There are some simple ways we can change around implications. The way we make this changes will impact how any new implications we form are related to our original starting implication. The first two modifications are relatively straight-forward.
Consider the implication a → b, which will act as our starting point. Here, a and b could be primitive or compound statements themselves.
The converse of a → b is the implication
b → a.
The inverse of a → b is the implication
¬a → ¬b.
Basically, the converse is obtained by swapping the two statements on either side of the arrow →. The inverse is obtained by negating both statements on either side of the arrow →.
Of course, we get apply both transformations at the same time. There is of course a special name for that transformation as well.
Consider the implication a → b, where a and b could be primitive or compound statements themselves.
The contrapositive of a → b is the implication
¬b → ¬a.
As always, an example where we use the English language will illuminate some key aspects of these kinds of propositions.
Consider the implication t → s where we have
t: | “Taylor Swift releases a new album” |
s: | “The album will be successful” |
The converse could be translated to
“If an album is successful, then it was released by Taylor Swift.”
The inverse can be translated to
“If Taylor Swift does not release an album, then that album will not be successful.”
Finally, the converse would basically read
“If an album is not successful, then it was not released by Taylor Swift.”

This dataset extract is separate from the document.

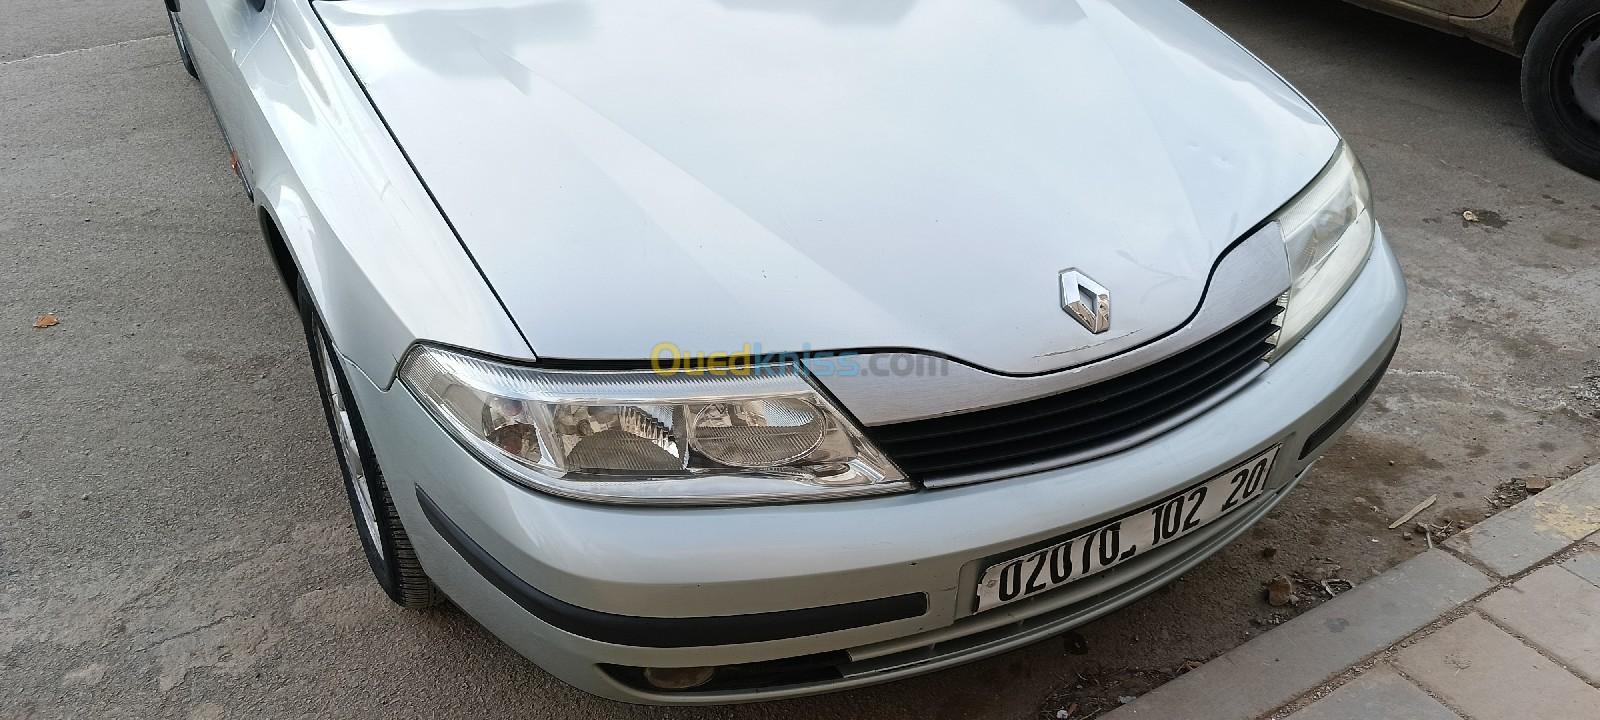 Renault Laguna 2 2002 Expression

Based on Taylor Swift’s past success, the implication t → s certainly seems like a reasonable statement that is always true. However, notice that the converse does not always appear to be true. Indeed, many successful albums have been released by artists other than Taylor Swift. AC/DC’s album “Back in Black” was a wildly successful album, and Michael Jackson’s “Thriller” is perhaps the most sold album of all time.
The inverse does not appear to be true all the time either (assuming t → s is always true of course.) Again, other artists release successful albums all the time.
The contrapositive is more interesting. Any non-successful album couldn’t have been released by Taylor Swift because if it was released by Taylor Swift, then it would have been successful. Taylor Swift does not make unsuccessful albums, so it would seem that the contrapositive is always true. Furthermore, if we assume that t → s is false (unfathomable, but for the sake of the argument, let’s imagine that is the case,) then the contrapositive would also be false as well.
We have the following truth table relating an implication to its converse, inverse, and contrapositive.
p | q | p → q | q → p | ¬p → ¬q | ¬q → ¬p |
---|---|---|---|---|---|
0 | 0 | 1 | 1 | 1 | 1 |
0 | 1 | 1 | 0 | 0 | 1 |
1 | 0 | 0 | 1 | 1 | 0 |
1 | 1 | 1 | 1 | 1 | 1 |
Notice that the values in the p → q column exactly match the values in the contrapositive column:
p | q | p → q | q → p | ¬p → ¬q | ¬q → ¬p |
---|---|---|---|---|---|
0 | 0 | 1 | 1 | 1 | 1 |
0 | 1 | 1 | 0 | 0 | 1 |
1 | 0 | 0 | 1 | 1 | 0 |
1 | 1 | 1 | 1 | 1 | 1 |
This tells us that an implication is always logically equivalent to its contrapositive; in other words,
p → q ⟺ ¬q → ¬p.
Additionally, the values in the converse column exactly match those of the inverse column:
p | q | p → q | q → p | ¬p → ¬q | ¬q → ¬p |
---|---|---|---|---|---|
0 | 0 | 1 | 1 | 1 | 1 |
0 | 1 | 1 | 0 | 0 | 1 |
1 | 0 | 0 | 1 | 1 | 0 |
1 | 1 | 1 | 1 | 1 | 1 |
This tells us that an implication’s converse is logically equivalent to its inverse, meaning
q → p ⟺ ¬p → ¬q.
Yet again, this is worth highlighting:
p → q ⟺ ¬q → ¬p
q → p ⟺ ¬p → ¬q
Since we figured out that an implication is logically equivalent to its contrapositive, we could have deduced that the converse and inverse are logically equivalent by noticing that the inverse is the contrapositive of the converse (and vice-versa.)